DS helped me on the Buildbot/Mercurial side. Hopefully everything still works for the most part. Many of these upgrades were sorely needed, fixing known bugs or security issues.

All of this was delayed so long because, well, no one wanted to do it. We maintain private patches against Apache, Bugzilla, vBulletin, and ViewVC. Keeping track of those changes is difficult.

This time around we started using Mercurial Queues. We keep the official software in a Mercurial repository and our custom changes in a queue (patch series). When it’s time to update, we pop the series, commit the new software, then push the series back.

This workflow is nice and all but Mercurial queues aren’t really a part of the repository.
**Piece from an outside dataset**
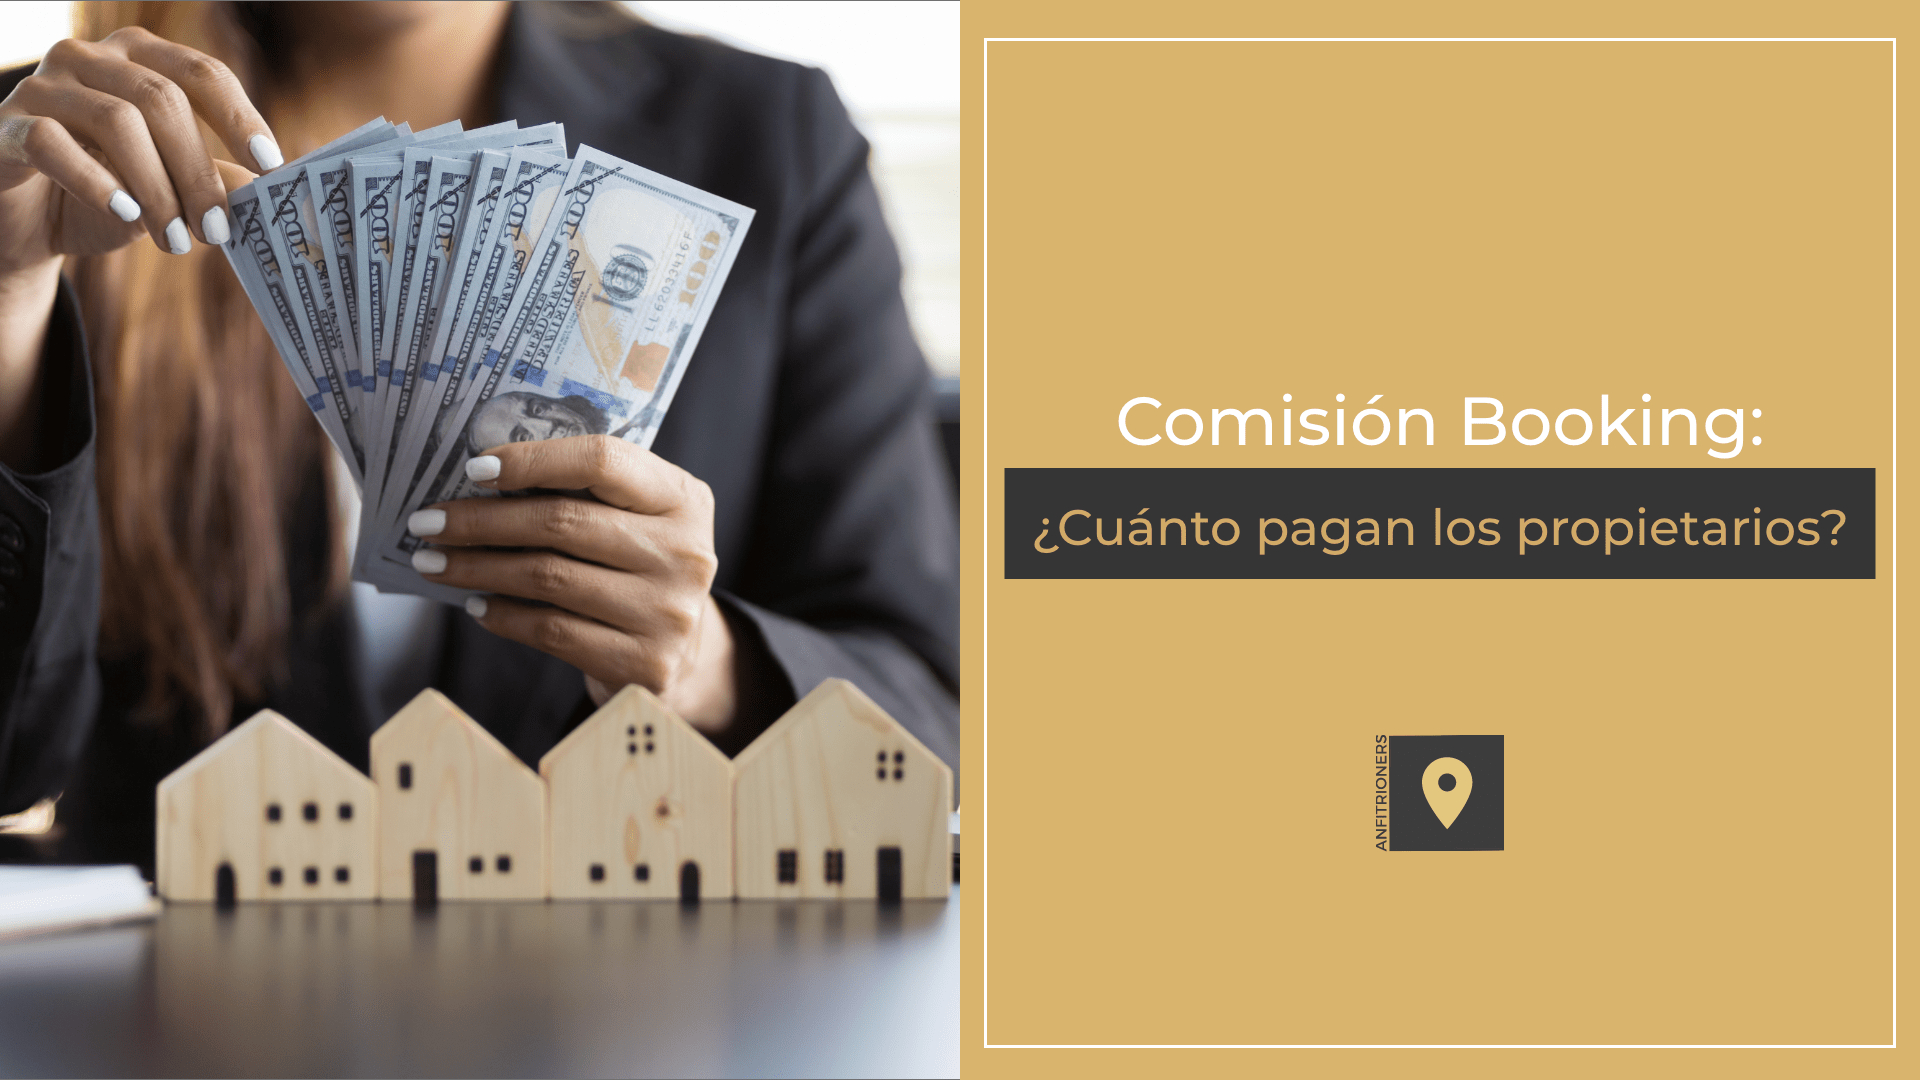 Comisión Booking: ¿Cuánto deben pagar los propietarios?

So if someone wants to check out the repository and stage development somewhere else, they have to export the queue manually and re-import manually on the other side. Ideally, these patches would be lightweight development forks off the main repository.

We used to keep separate repositories and do three-way diffs. That was a huge pain. Never again. It still seems like we’re missing something though.